Traceback (most recent call last): File
"/tmp/testing_test.py", line 262, in
udf_stop_words = udf(stop_words, ArrayType(StringType())) File"/usr/lib/spark/python/lib/pyspark.zip/pyspark/sql/functions.py", line
1872, in udf File
"/usr/lib/spark/python/lib/pyspark.zip/pyspark/sql/functions.py", line
1830, in init File
"/usr/lib/spark/python/lib/pyspark.zip/pyspark/sql/functions.py", line
1835, in _create_judf File
"/usr/lib/spark/python/lib/pyspark.zip/pyspark/sql/functions.py", line
1815, in _wrap_function File
"/usr/lib/spark/python/lib/pyspark.zip/pyspark/rdd.py", line 2359, in
_prepare_for_python_RDD File"/usr/lib/spark/python/lib/pyspark.zip/pyspark/serializers.py", line
460, in dumps File
"/usr/lib/spark/python/lib/pyspark.zip/pyspark/cloudpickle.py", line
703, in dumps File
"/usr/lib/spark/python/lib/pyspark.zip/pyspark/cloudpickle.py", line
147, in dump File"/home/hadoop/anaconda/lib/python3.6/pickle.py",
line 409, in dump
self.save(obj) File"/home/hadoop/anaconda/lib/python3.6/pickle.py", line 476, in save
f(self, obj) # Call unbound method with explicit self File"/home/hadoop/anaconda/lib/python3.6/pickle.py", line 736, in
save_tuple
save(element) File"/home/hadoop/anaconda/lib/python3.6/pickle.py", line 476, in save
f(self, obj) # Call unbound method with explicit self File"/usr/lib/spark/python/lib/pyspark.zip/pyspark/cloudpickle.py", line
248, in save_function File
"/usr/lib/spark/python/lib/pyspark.zip/pyspark/cloudpickle.py", line
296, in save_function_tuple File
"/home/hadoop/anaconda/lib/python3.6/pickle.py", line 476, in save
f(self, obj) # Call unbound method with explicit self File"/home/hadoop/anaconda/lib/python3.6/pickle.py", line 821, in
save_dict
self._batch_setitems(obj.items()) File"/home/hadoop/anaconda/lib/python3.6/pickle.py", line 852, in
_batch_setitems
save(v) File"/home/hadoop/anaconda/lib/python3.6/pickle.py", line 521, in save
self.save_reduce(obj=obj, *rv) File"/usr/lib/spark/python/lib/pyspark.zip/pyspark/cloudpickle.py", line
564, in save_reduce
_pickle.PicklingError: args[0] from newobj args has the wrong class

我已经尝试了几种方法来解决此问题,但都没有成功。
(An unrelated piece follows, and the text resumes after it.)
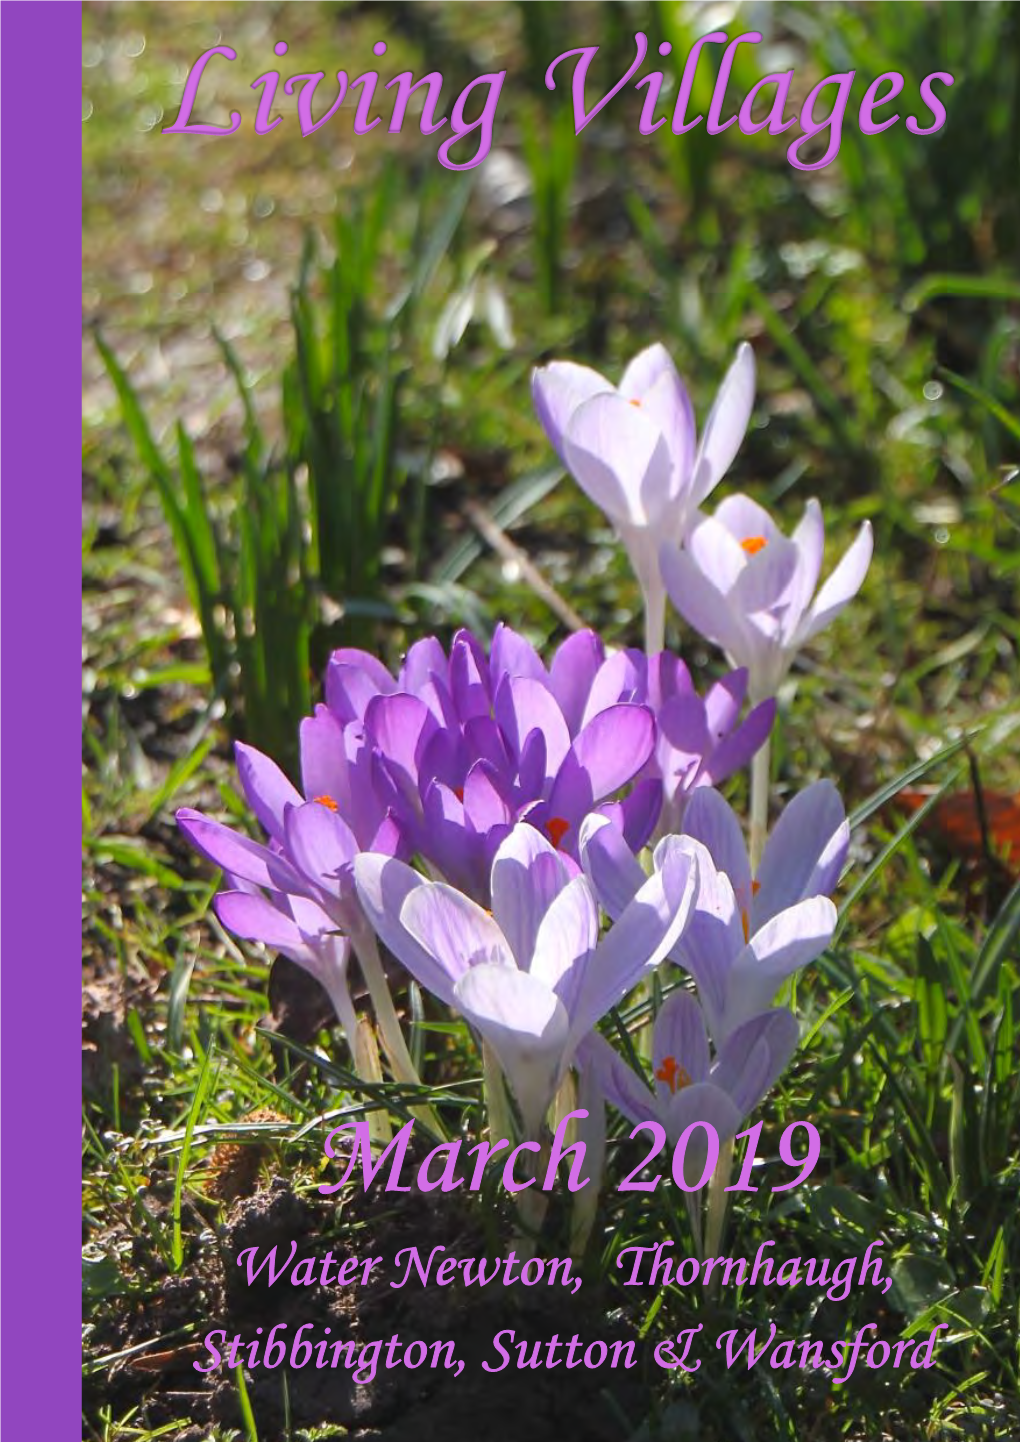 March 2019 Water Newton, Thornhaugh, Stibbington, Sutton & Wansford
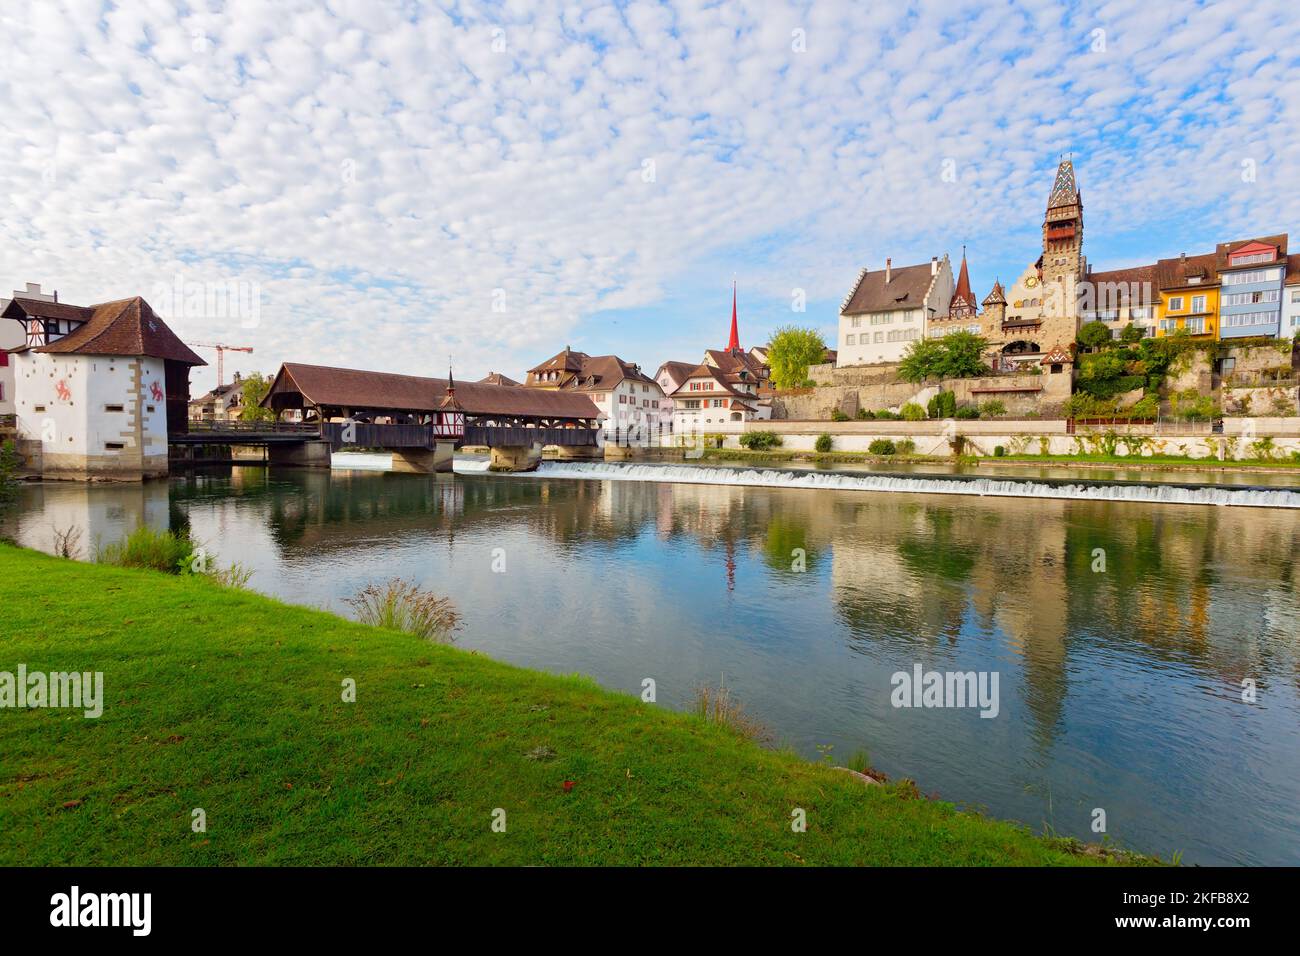 Medieval village Bremgarten near Zurich, Canton Aargau, Switzerland Stock Photo

它们都返回相同的错误。

我尝试将udf更改为单行lambda函数:

1
udf(lambda words: list(word.lower() for word in words if word.lower() not in stopwords.words('english')), ArrayType(StringType())).

我尝试过更改udf以返回字符串:

1
udf_stop_words = udf(stop_words, StringType())

并稍微更改udf以使其匹配。

1
2
def stop_words(words):
    return str(word.lower() for word in words if word.lower() not in stopwords.words('english'))

我尝试将其定义为StructType:

1
udf_stop_words = udf(stop_words, StructType([StructField("words", ArrayType(StringType()), False)]))

1
udf_stop_words = udf(stop_words, StructType([StructField("words", StringType(), False)])).

我也尝试了以上的多种组合。


返回类型应为ArrayType(StringType())

我对此不太确定,但是问题可能出在您的节点上没有安装nltk(或者从未在节点上下载corpus stopwords)这一事实。 由于在UDF中调用stopwords.words("english")就像在节点上调用它一样,它可能会因为找不到语料库而失败。

由于stopwords.words("english")只是一个列表,因此应该在驱动程序上调用它,然后将其广播到节点:

1
2
3
4
5
6
7
8
9
from nltk.corpus import stopwords
english_stopwords = stopwords.words("english")
sc.broadcast(english_stopwords)
def stop_words(words):
    return list(word.lower() for word in words if word.lower() not in english_stopwords)

from pyspark.sql.types import ArrayType, StringType
import pyspark.sql.functions as psf
udf_stop_words = psf.udf(stop_words, ArrayType(StringType()))

我有一个类似的问题。 就我而言,抛出异常是因为我在spark脚本本身中定义了一个类。 通过创建包含类定义和方法的单独的.py文件来解决此问题。 然后通过sc.addPyFile(path),最后是from FileName import *,将该脚本添加到脚本中。